<<<<

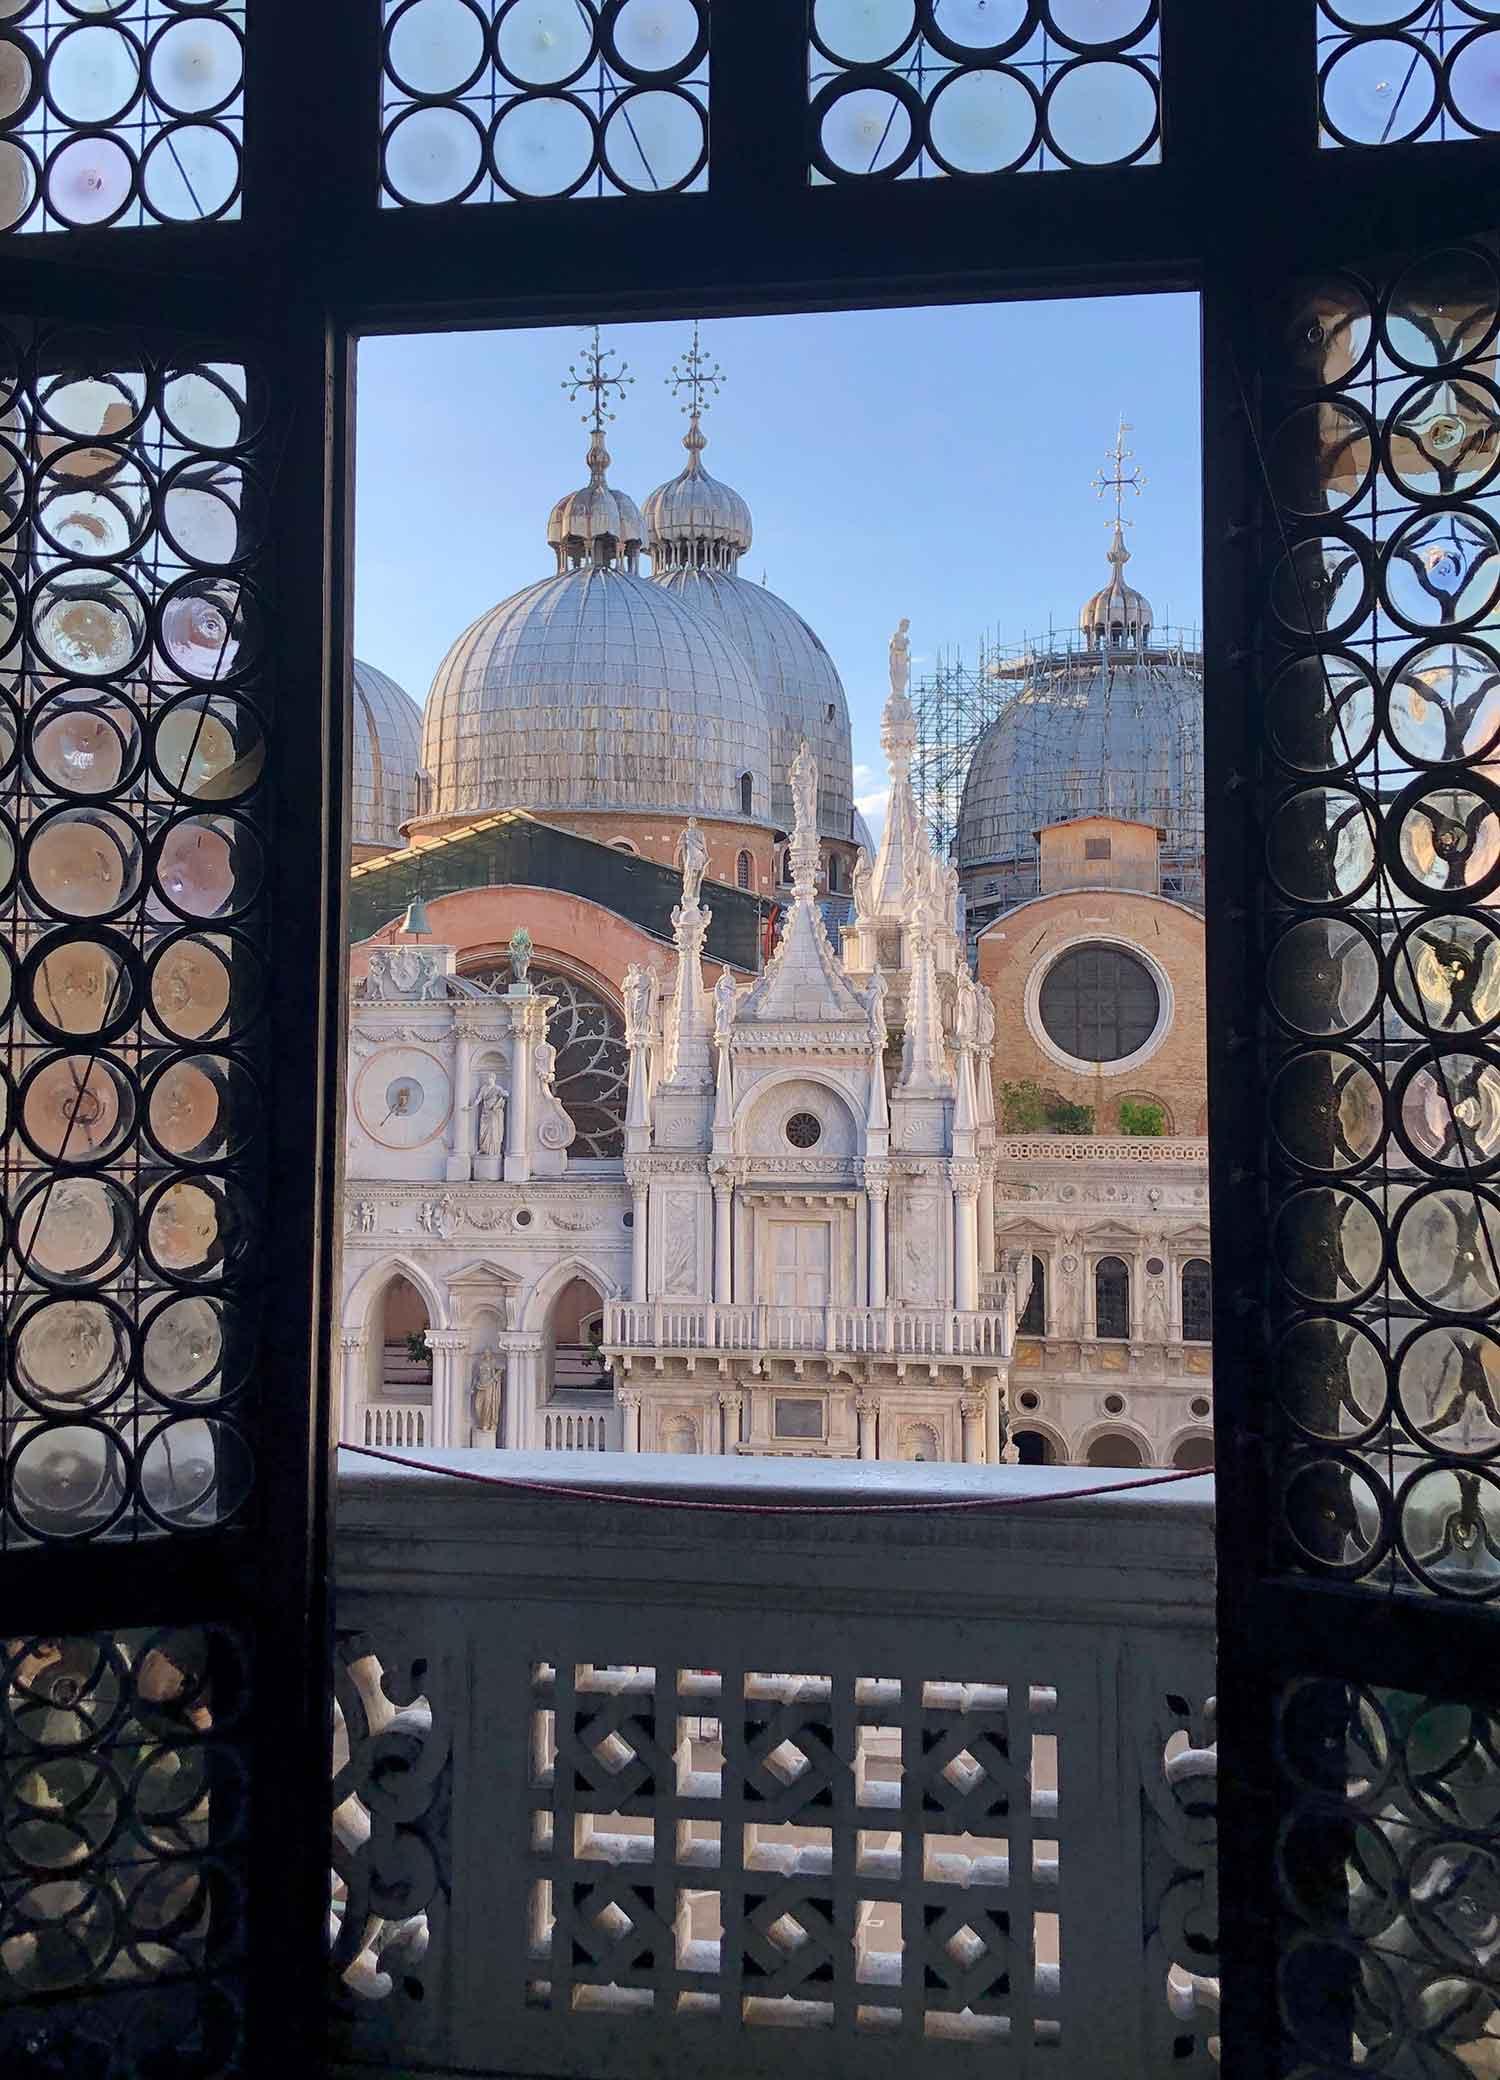 Inside Doges Palace Tour Venice Italy
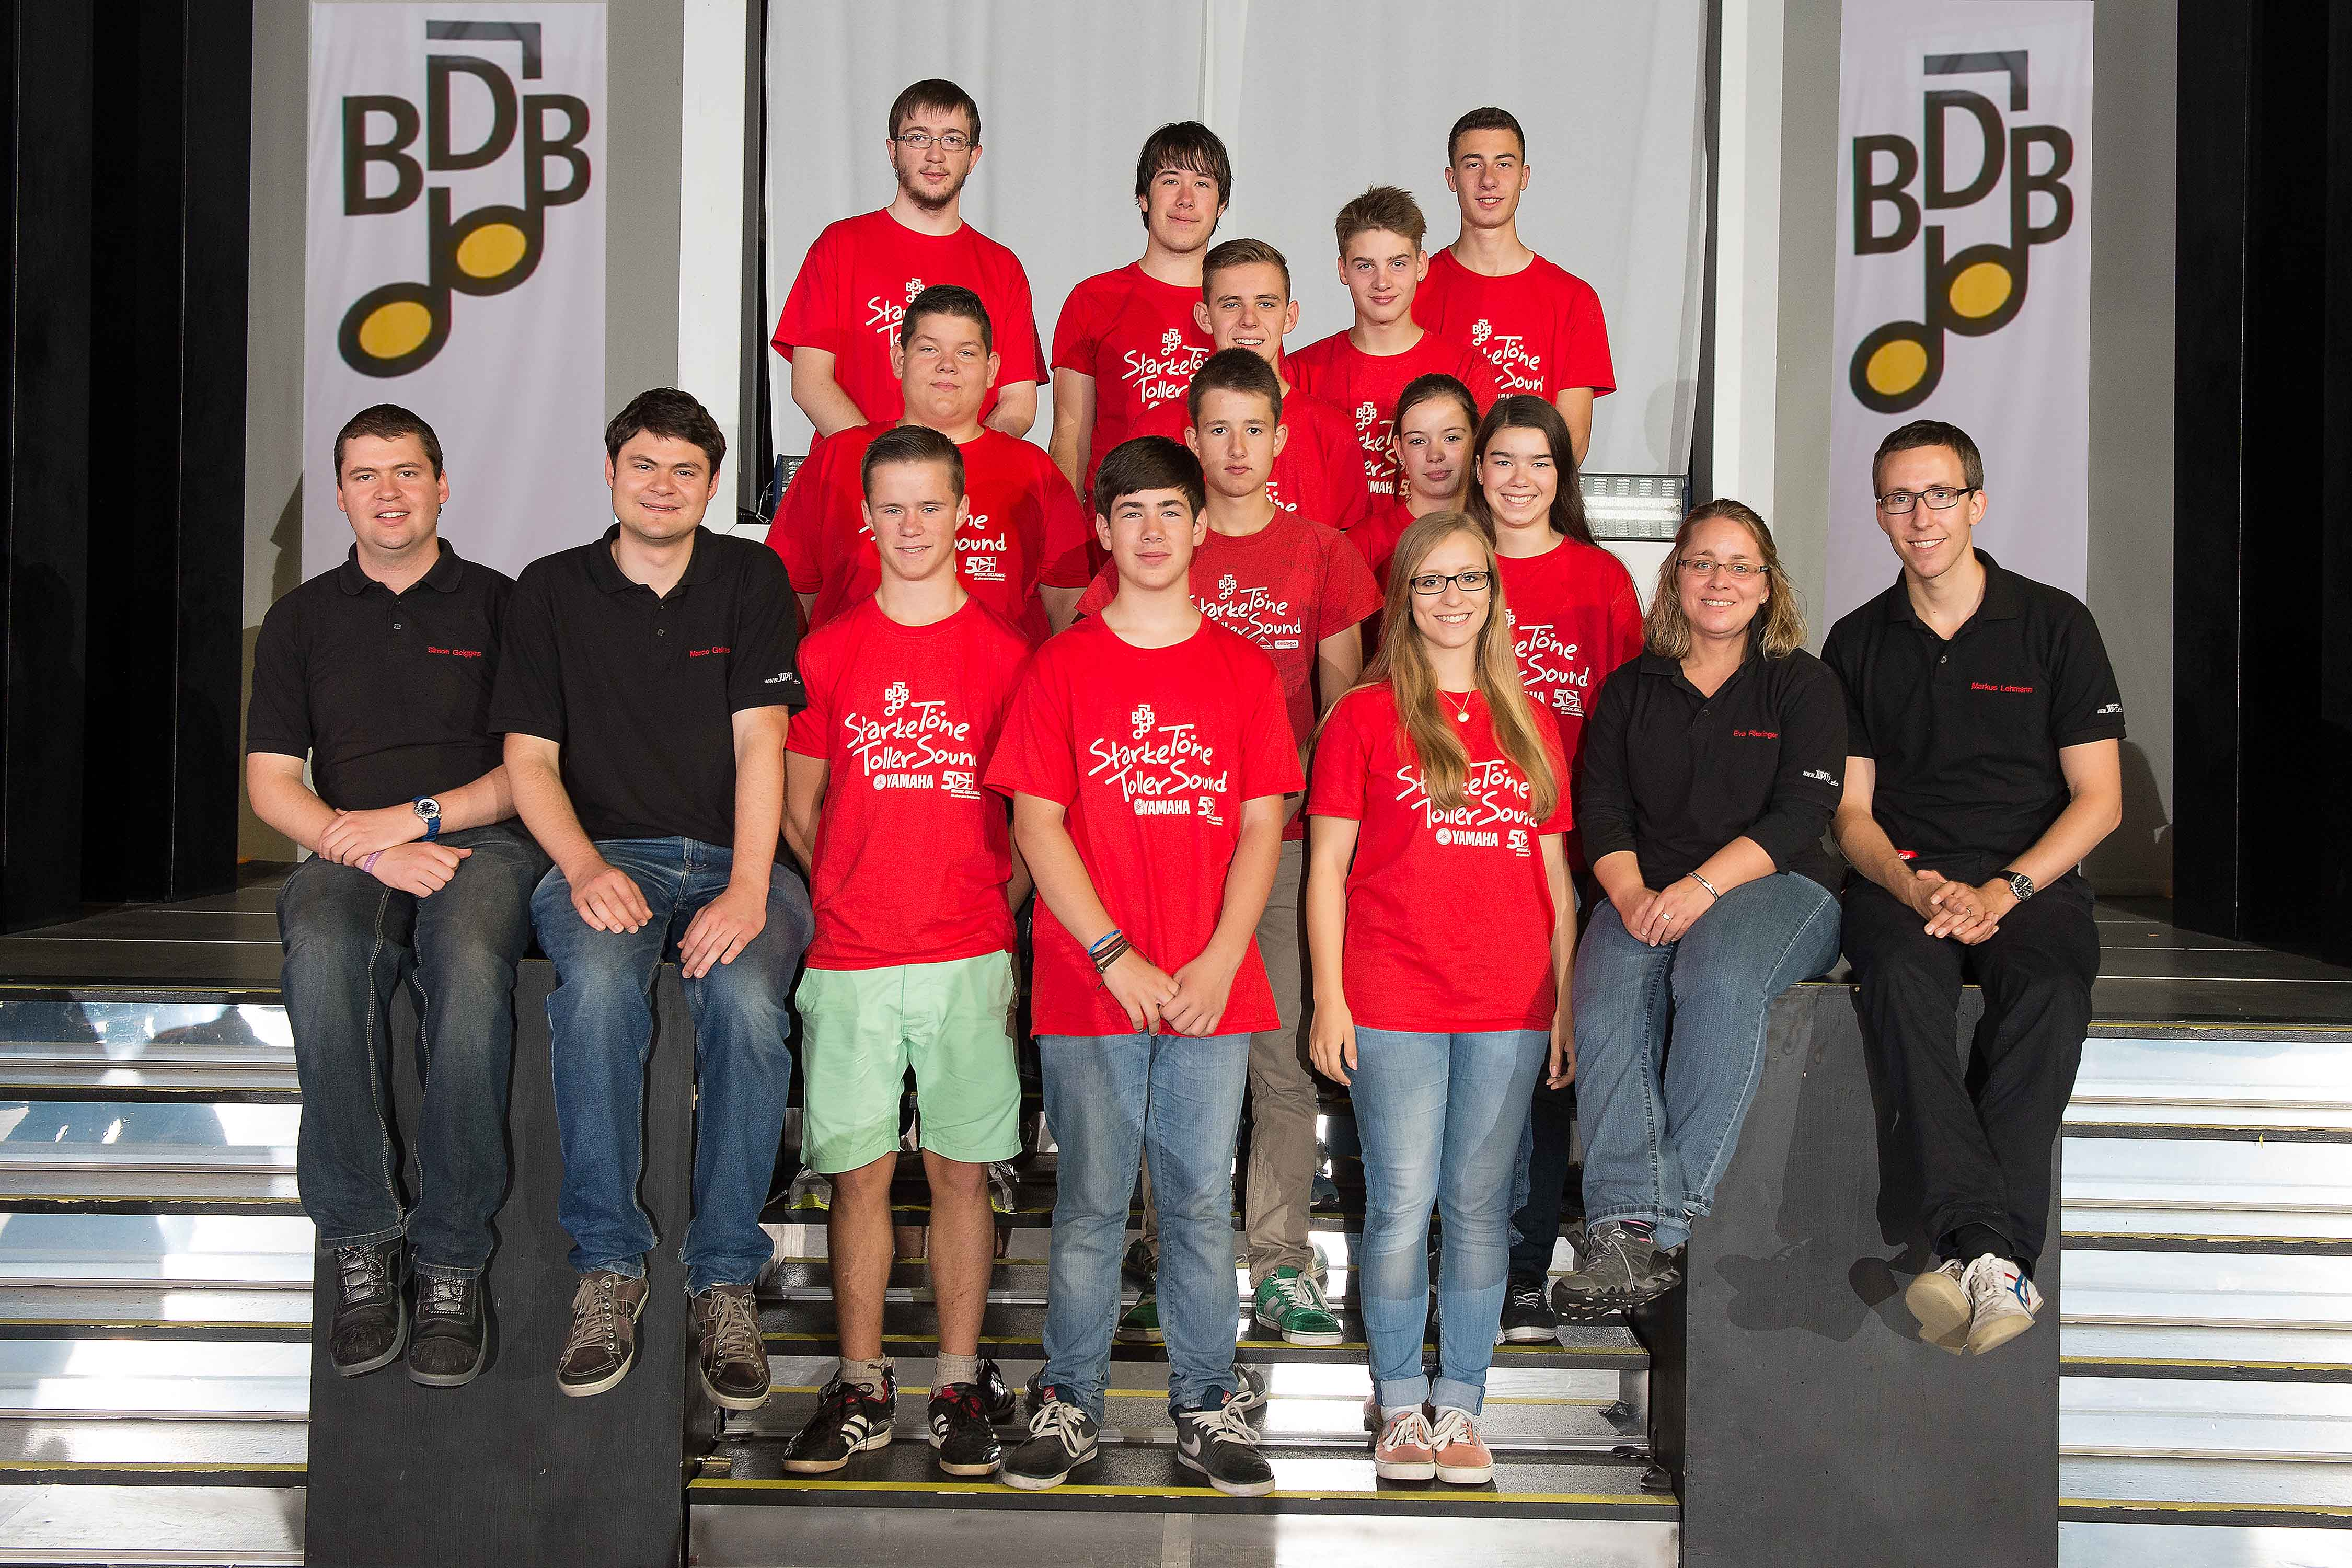 Gruppenfoto BDB-Jugendleitercamp 2014
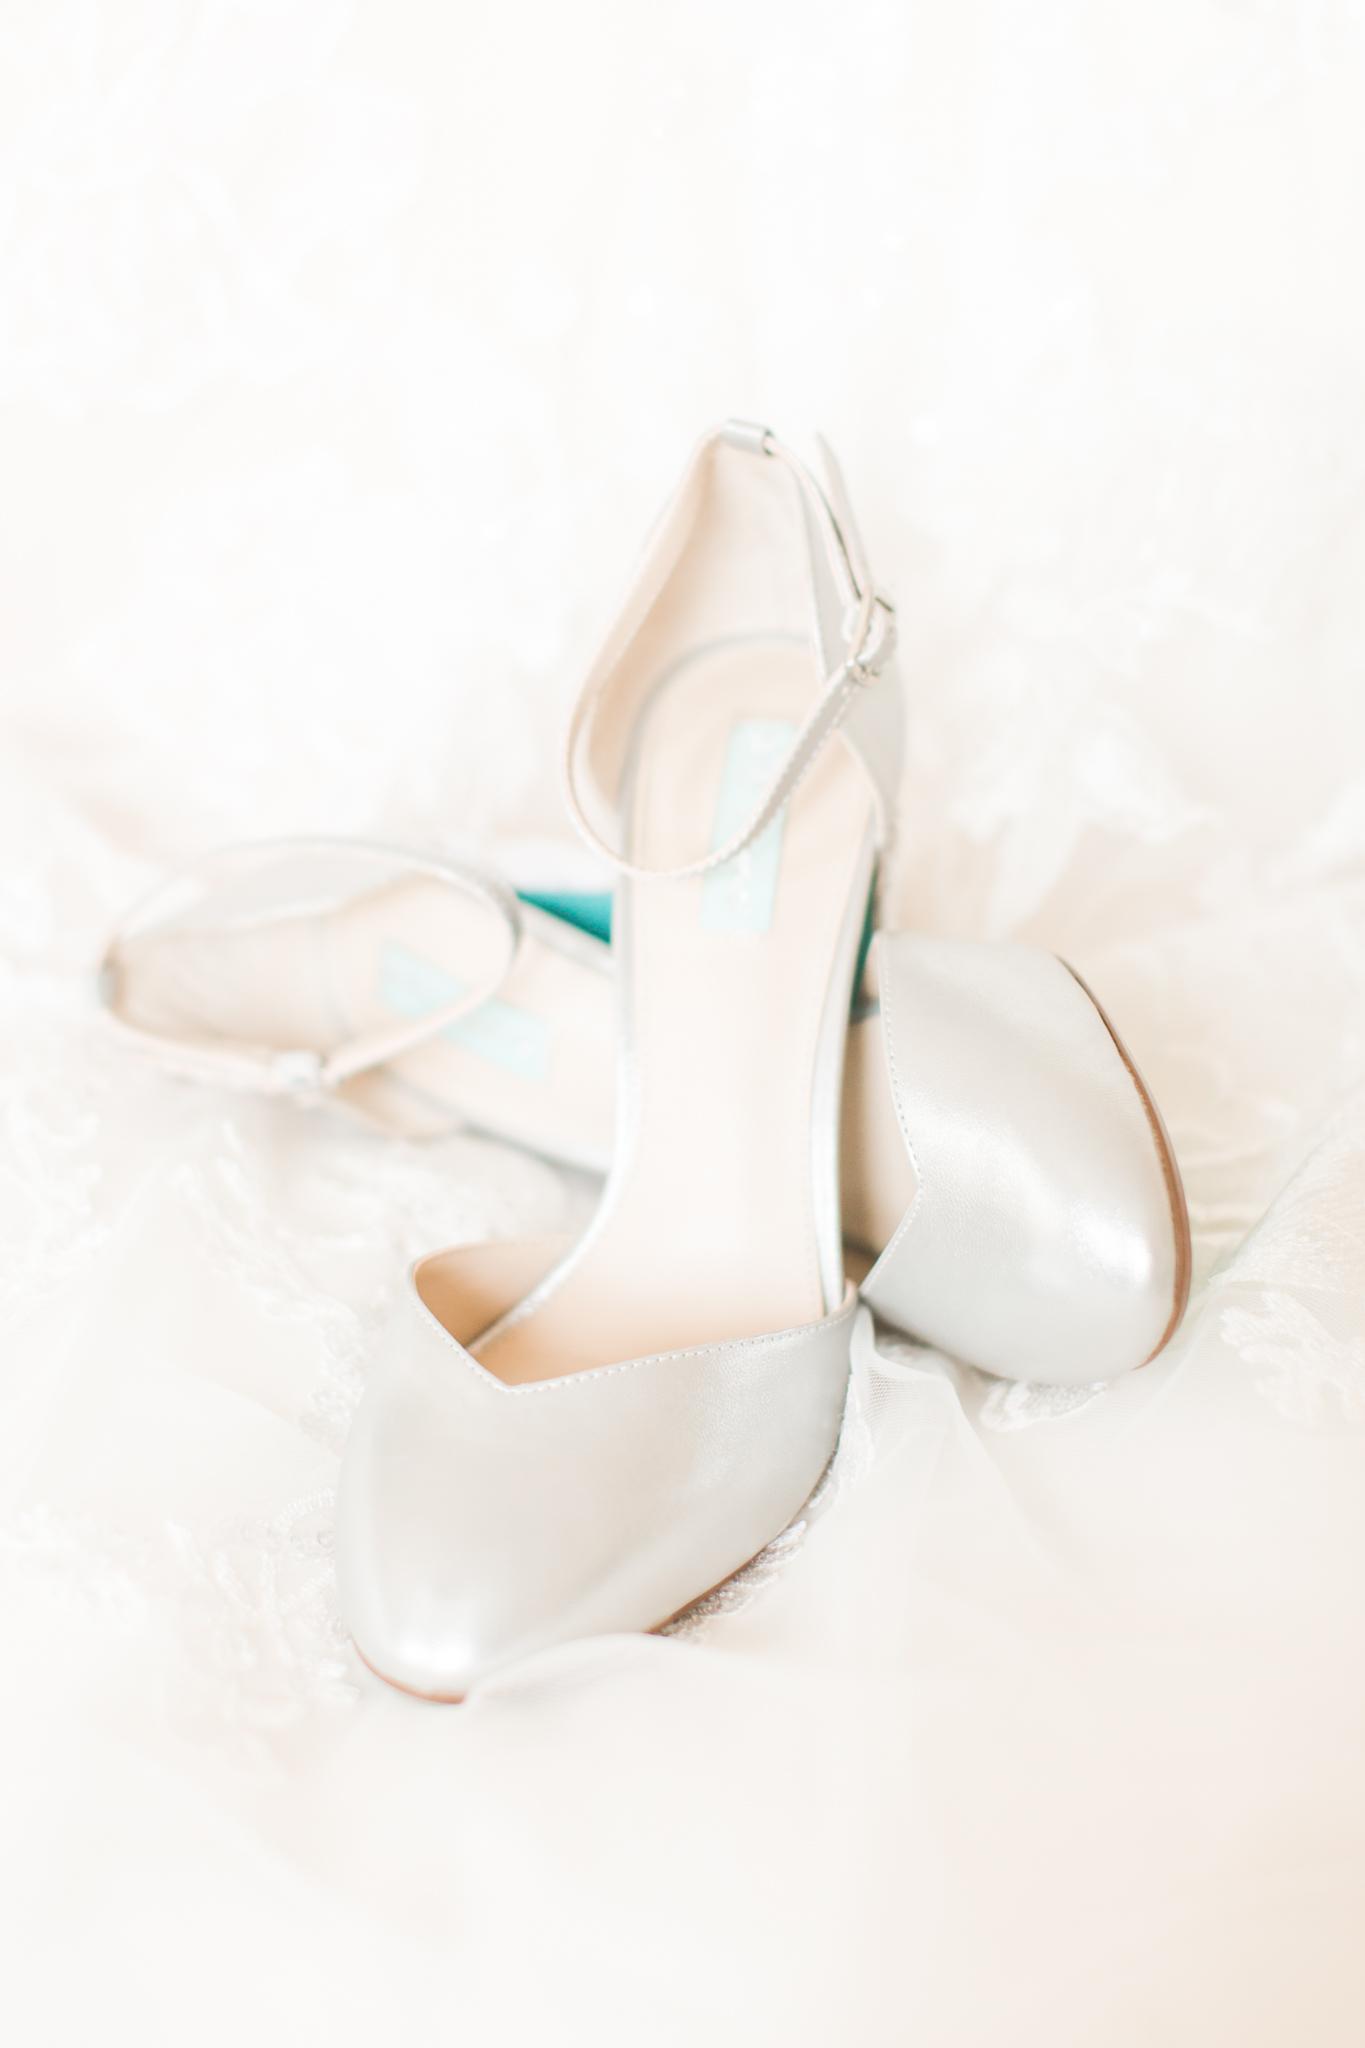 Haley Mansion Winter Wedding - Shaina Lee Photography-21.jpg

>>>>

Exercise prompt: Starting with the line that holds "Gruppenfoto BDB-Jugendleitercamp 2014", repeat exactly every line through the end of the material above, both ends included, without the pictures.

Task solution:
 Gruppenfoto BDB-Jugendleitercamp 2014
 Haley Mansion Winter Wedding - Shaina Lee Photography-21.jpg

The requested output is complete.